Hello!
We have some more insights now, which I’d like to share.
-
The crashes also occur on some Orin 8GB modules with an “A23” in the silkscreen label.
Still, the crashes still seem to occur only on a subset of the modules. -
I have built a Kernel 6.6. with some memory-related debugging options, including the kernel address sanitizer (KAZAN).
Now, during each startup on a affected Orin module, a bug report is printed by KASAN, see attached kazan_bugreport.txt
kasan_bugreport.txt (4.8 KB)
This bugreport is not printed on an Orin module that is not prone to kernel crashes reported on the original post.
BUG: KASAN: slab-out-of-bounds in nvgpu_gr_config_init+0x1468/0x1df8 [nvgpu]
[ 17.210205] BUG: KASAN: slab-out-of-bounds in nvgpu_gr_config_init+0x1468/0x1df8 [nvgpu]

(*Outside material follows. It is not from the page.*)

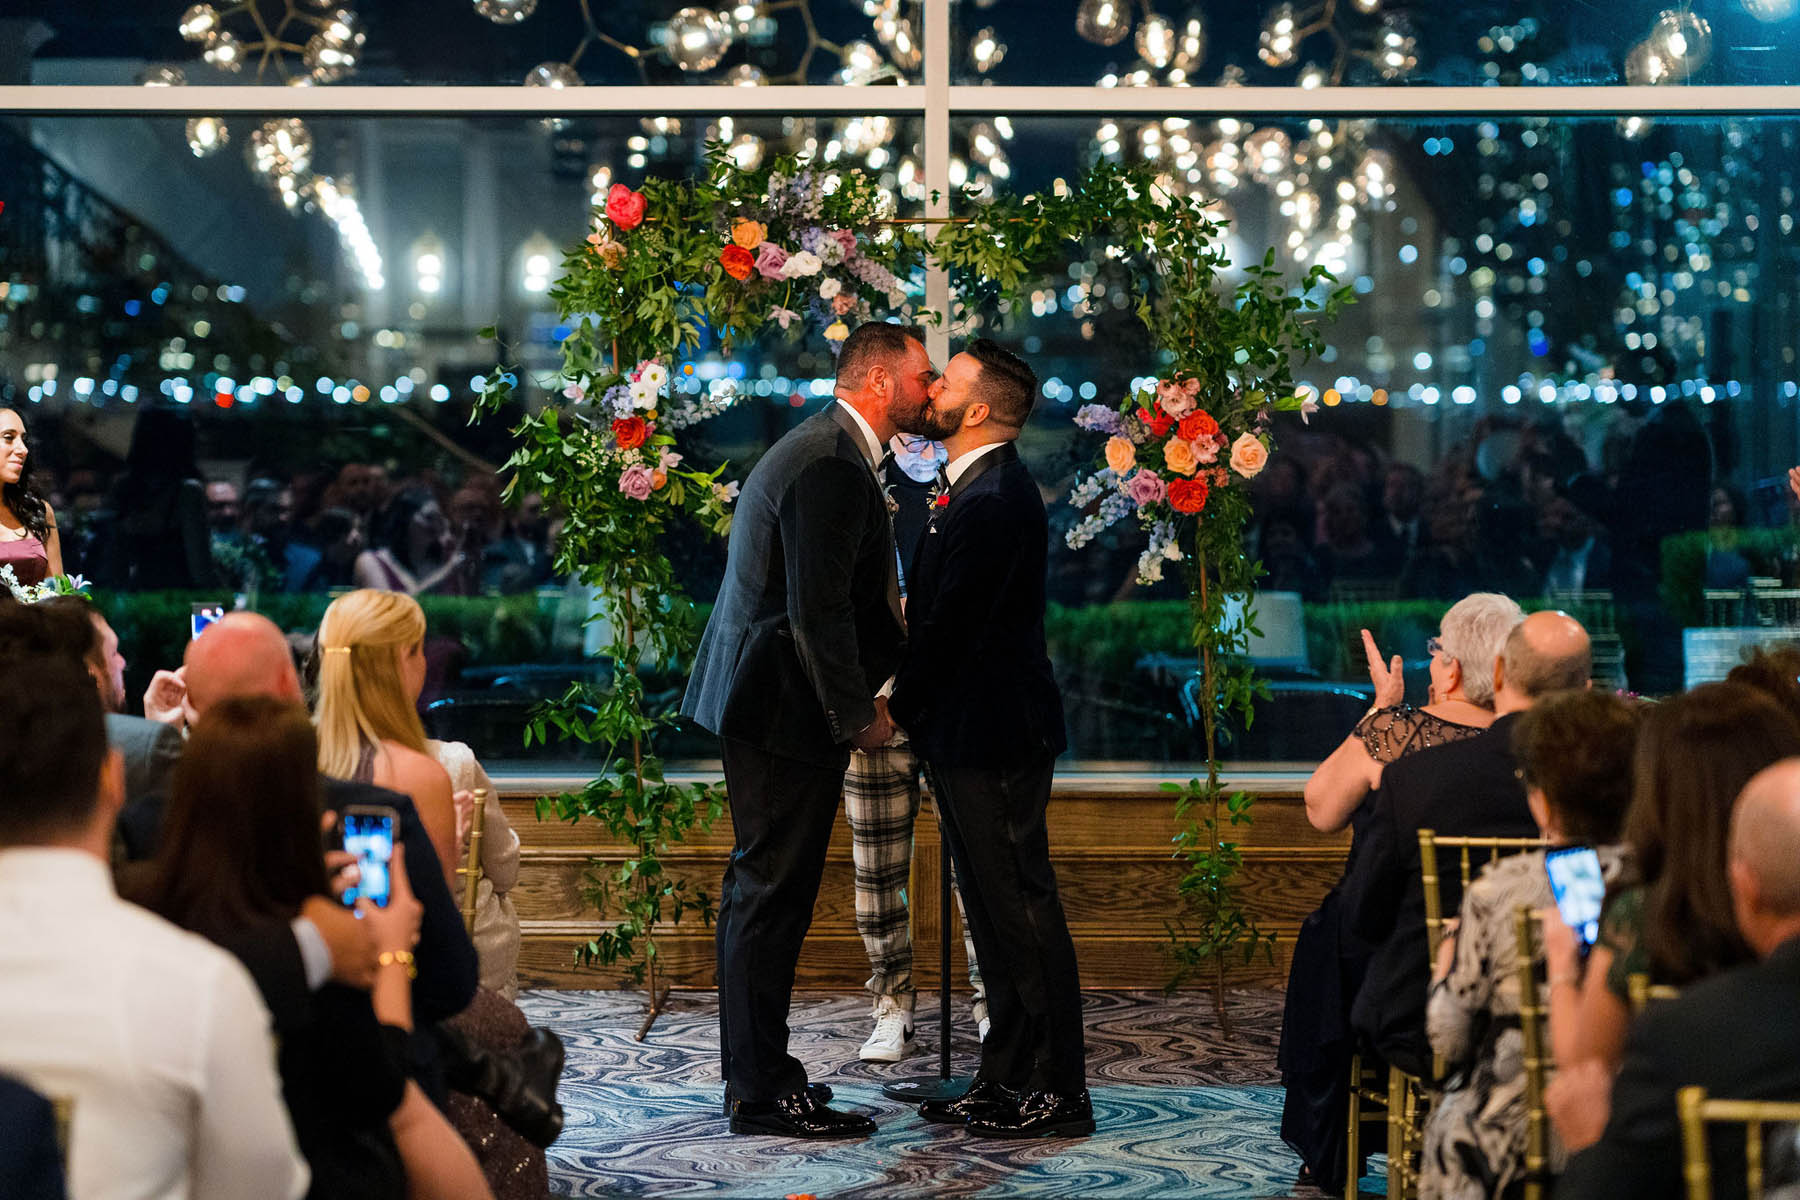 Two grooms stand in front of a set of large windows and a floral arbor. They share a kiss.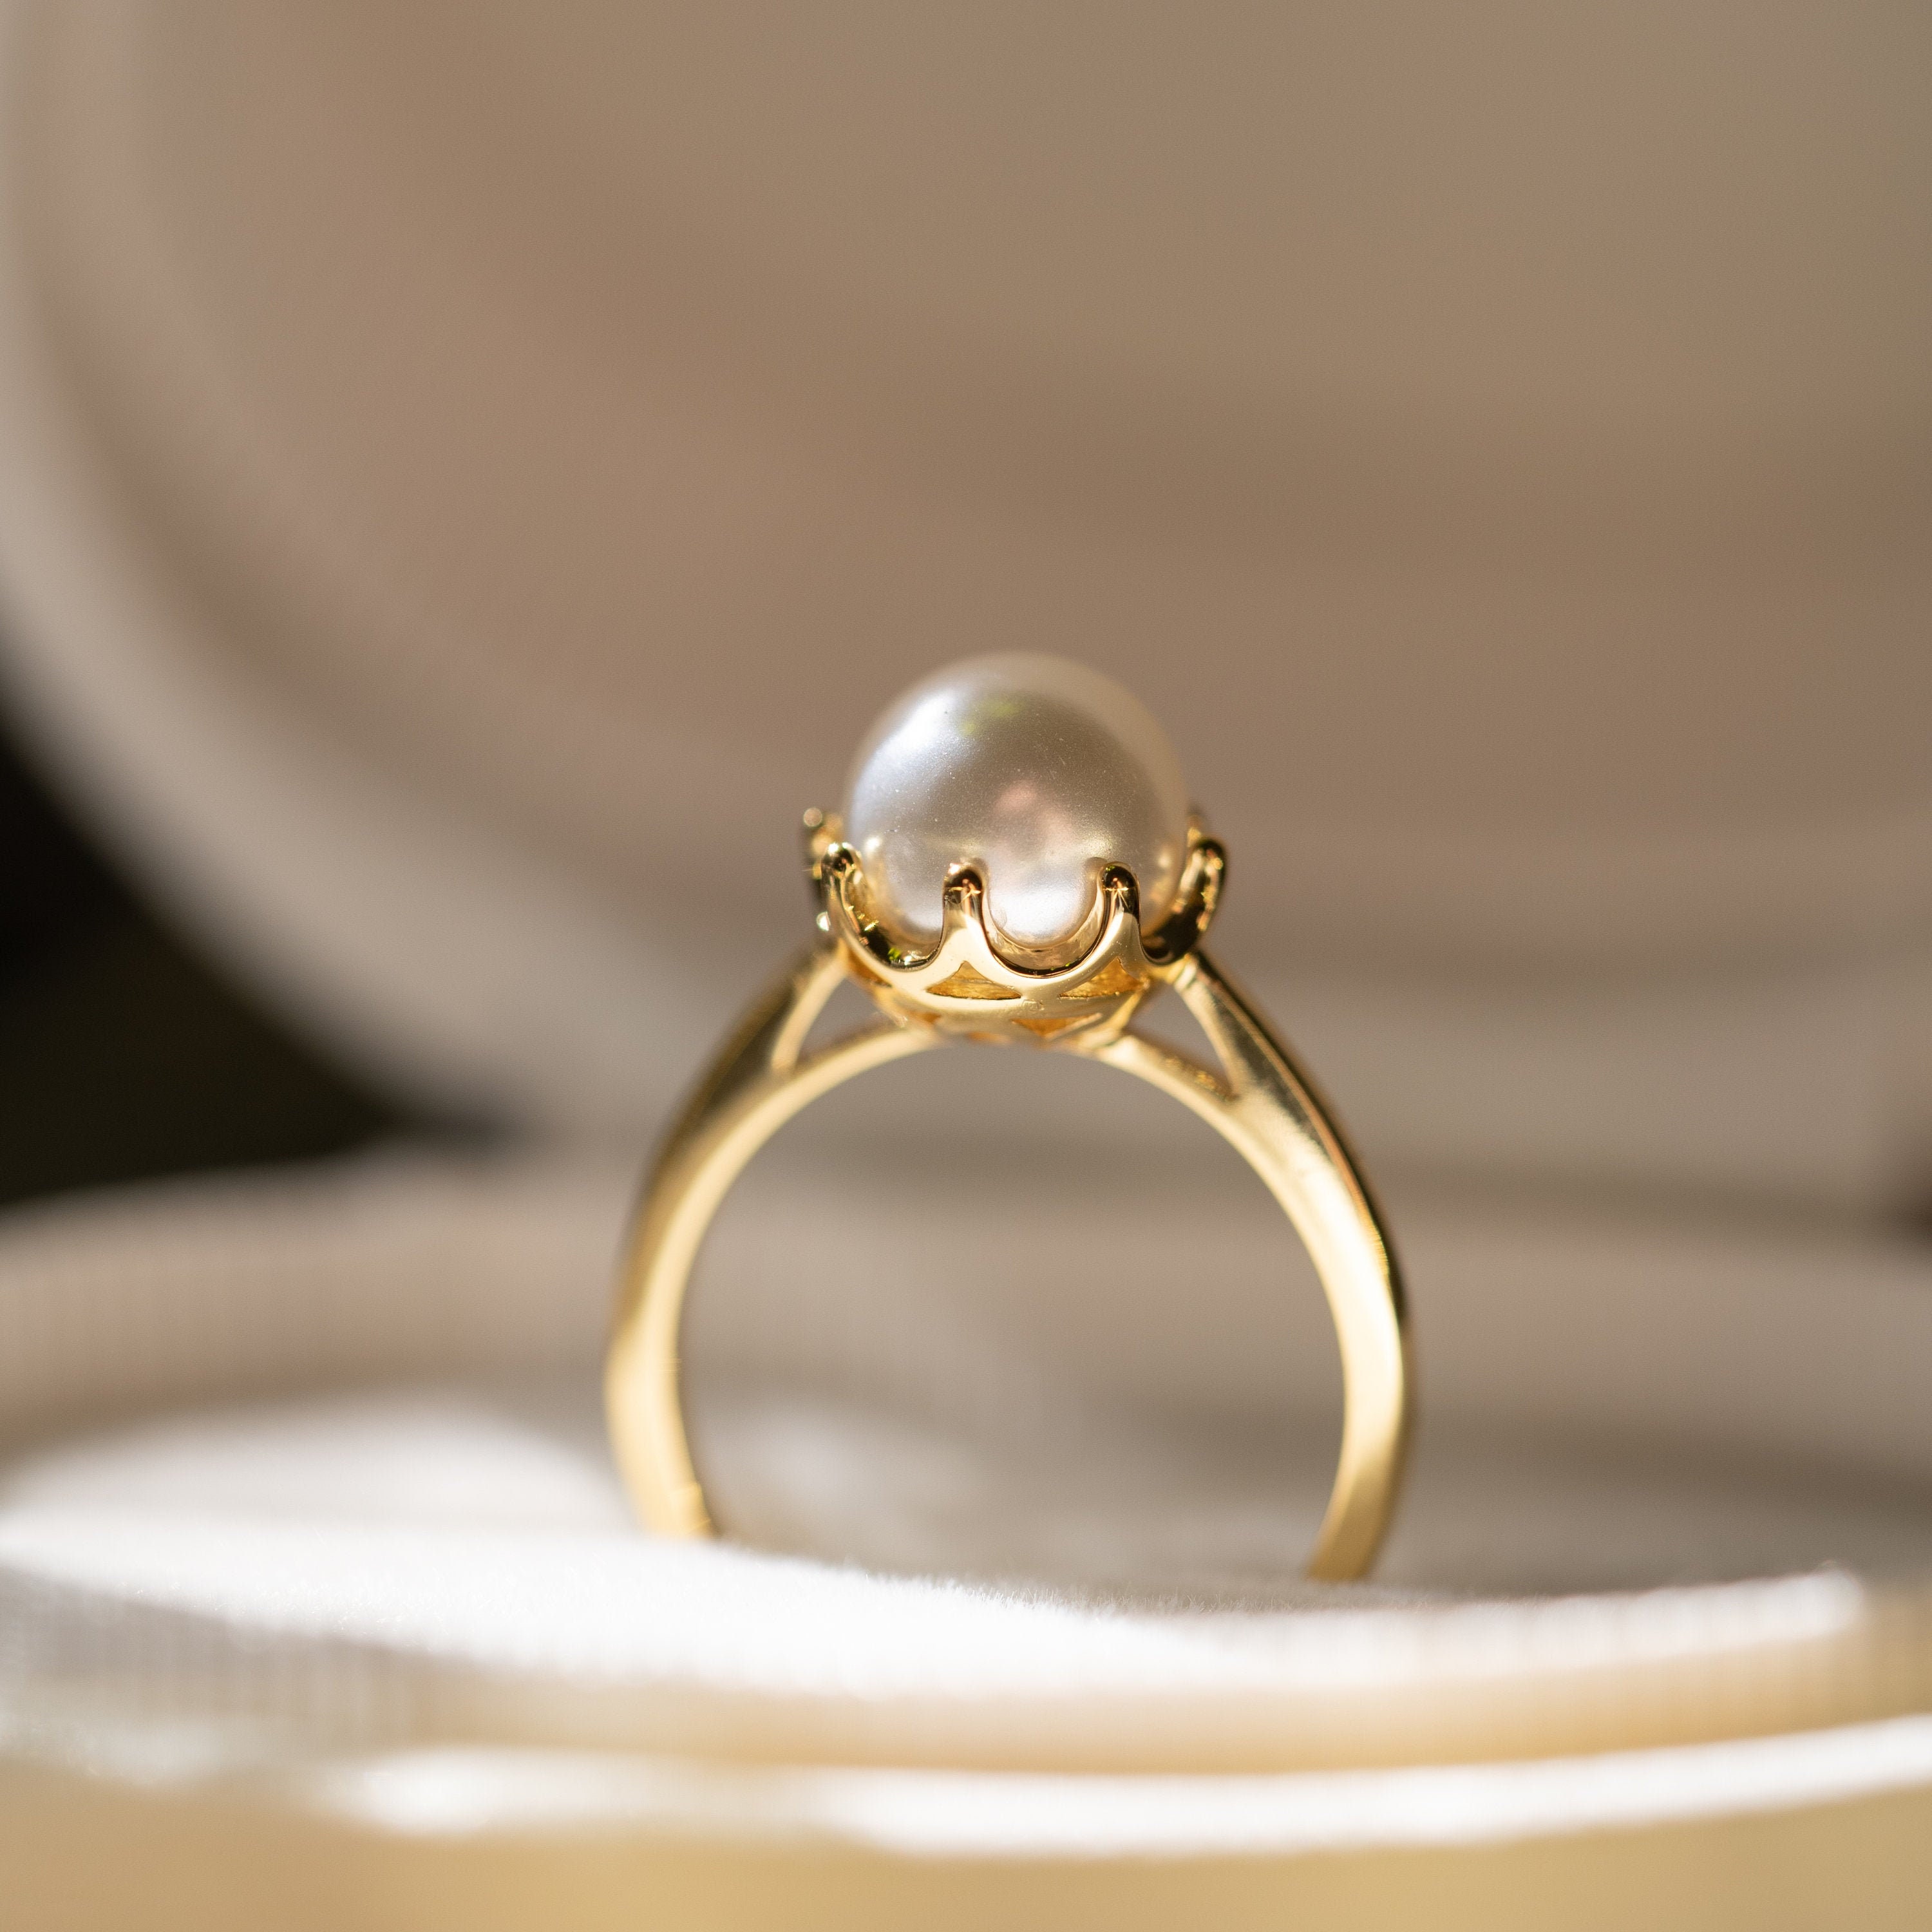 Aggregate more than 127 pearl ring gold super hot

[ 17.211220] Write of size 8 at addr ffff000090c5bf40 by task nvpmodel/934
[ 17.211414]
[ 17.211462] CPU: 0 PID: 934 Comm: nvpmodel Tainted: G O 6.6.23-<our_kernel_branch> #1
[ 17.212944] Hardware name: <Our machine> with Orin NX 8 GB/Jetson, BIOS v36.4.0 10/01/2024
[ 17.217289] Call trace:
...
[ 17.241437] nvgpu_gr_config_init+0x1468/0x1df8 [nvgpu]
[ 17.246687] gr_init_support_impl+0x120/0x6a8 [nvgpu]
[ 17.251850] nvgpu_gr_init_support+0x148/0x348 [nvgpu]
...
[ 17.489325] The buggy address belongs to the object at ffff000090c5bf38
[ 17.489325] which belongs to the cache kmalloc-8 of size 8
[ 17.501050] The buggy address is located 0 bytes to the right of
[ 17.501050] allocated 8-byte region [ffff000090c5bf38, ffff000090c5bf40)
...
I have tried to track the origin of the reported issue, and it looks like it occurs in this line
https://nv-tegra.nvidia.com/r/gitweb?p=linux-nvgpu.git;a=blob;f=drivers/gpu/nvgpu/common/gr/gr_config.c;h=c86bba610c6b1aa57da81824a0128a104e3cd0ae;hb=8a0a5345705e069e398a79dbcba96c5db54a37f1#l699
(apparently same code in BSP 36.4.0 and 36.4.4)
There, an array index “1” is write-accessed, but with debug-logging I found out that the array only was allocated to hold one element about 10 lines above, so this is apparently an array-out-of-bounds access issue.
I can imagine that if the reported nvgpu driver writes data to where it’s not supposed to, then a heap corruption occurs, which could theoretically cause crashes reported above.
I wonder, why this only happens on some specific Orin modules, and not on others.
Edit 2025-04-15: Fixed the link to the OOT module source code.